Turning Torso is 190 meters tall.
It is divided into 9 blocks (segments), so each block is 21 meters tall.
Google Earth gave me ground elevation there to be 1 ft, so I decided to ignore it.

What I did next was input the distance and eye level into Metabunk calculator and got this:



The thing calculated hidden parth without, and then with "standard refraction".

--------------------------------------------------------------------------------------------------------------------------------------------

I also found another video in which the guy measured by theodolite where will horizontal line from some tower across the water hit the Turning Torso.

He estimated where it should be in FE model, where in GE model without refraction, and where in GE model with refraction.



Here is the whole video:

[jimbob]

We still have problem that with 148m hidden, there should only be little bit of tower "turning torse" be visible.


At 47.9 km 130m is hidden from the video
By calculation  136m should be hidden. The 6m discrepancy can be accounted by my assumption that the observation was at 2m from ground level, it could be less. It is possible that refraction could account for some depending on meteorological conditions.

[Macarios]

We still have problem that with 148m hidden, there should only be little bit of tower "turning torse" be visible.

At 47.9 km 130m is hidden from the video
By calculation  136m should be hidden. The 6m discrepancy can be accounted by my assumption that the observation was at 2m from ground level, it could be less.
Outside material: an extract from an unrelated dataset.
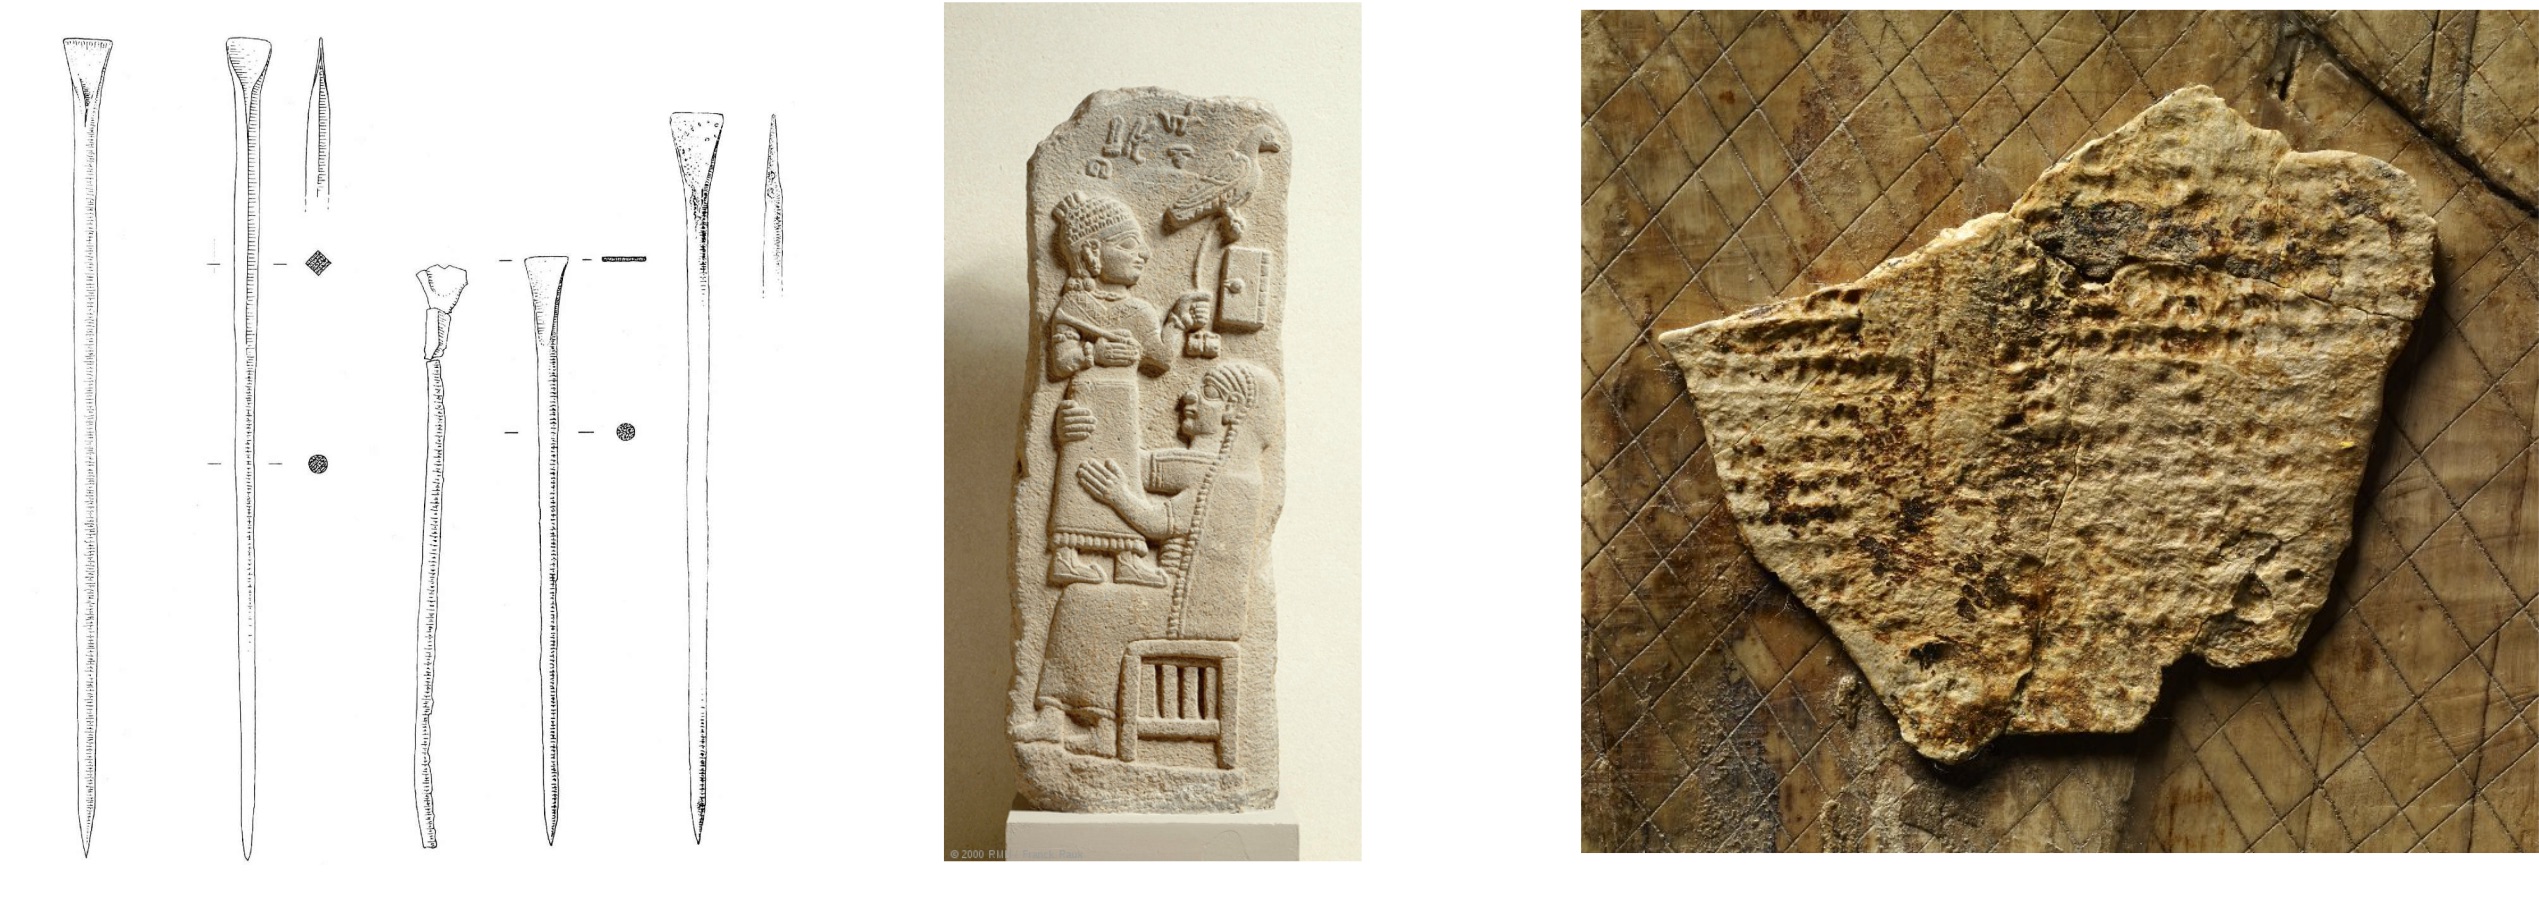 bronze styli, tarhunpiyas stela, nimrud tablet

It is possible that refraction could account for some depending on meteorological conditions.

If you read my post again, you will see those red markings in the data snap.
If we ignore refraction horizon would hide 148 meters, then 190-148 = 42 meters would be visible, and it would be 2 blocks of the building.
But in the air there is refraction.
If refraction is within standard specification, horizon will hide 124.5 meters, then 190-124.5 = 65.5 meters will be visible, and that is little over three blocks of the building.
130 meters hidden in the video is pretty close to pre-calculated 124.5 meters.

Please tell us again what is the problem with that?

[jimbob]

We still have problem that with 148m hidden, there should only be little bit of tower "turning torse" be visible.

At 47.9 km 130m is hidden from the video
By calculation  136m should be hidden. The 6m discrepancy can be accounted by my assumption that the observation was at 2m from ground level, it could be less. It is possible that refraction could account for some depending on meteorological conditions.

If you read my post again, you will see those red markings in the data snap.
If we ignore refraction horizon would hide 148 meters, then 190-148 = 42 meters would be visible, and it would be 2 blocks of the building.
But in the air there is refraction.
If refraction is within standard specification, horizon will hide 124.5 meters, then 190-124.5 = 65.5 meters will be visible, and that is little over three blocks of the building.
130 meters hidden in the video is pretty close to pre-calculated 124.5 meters.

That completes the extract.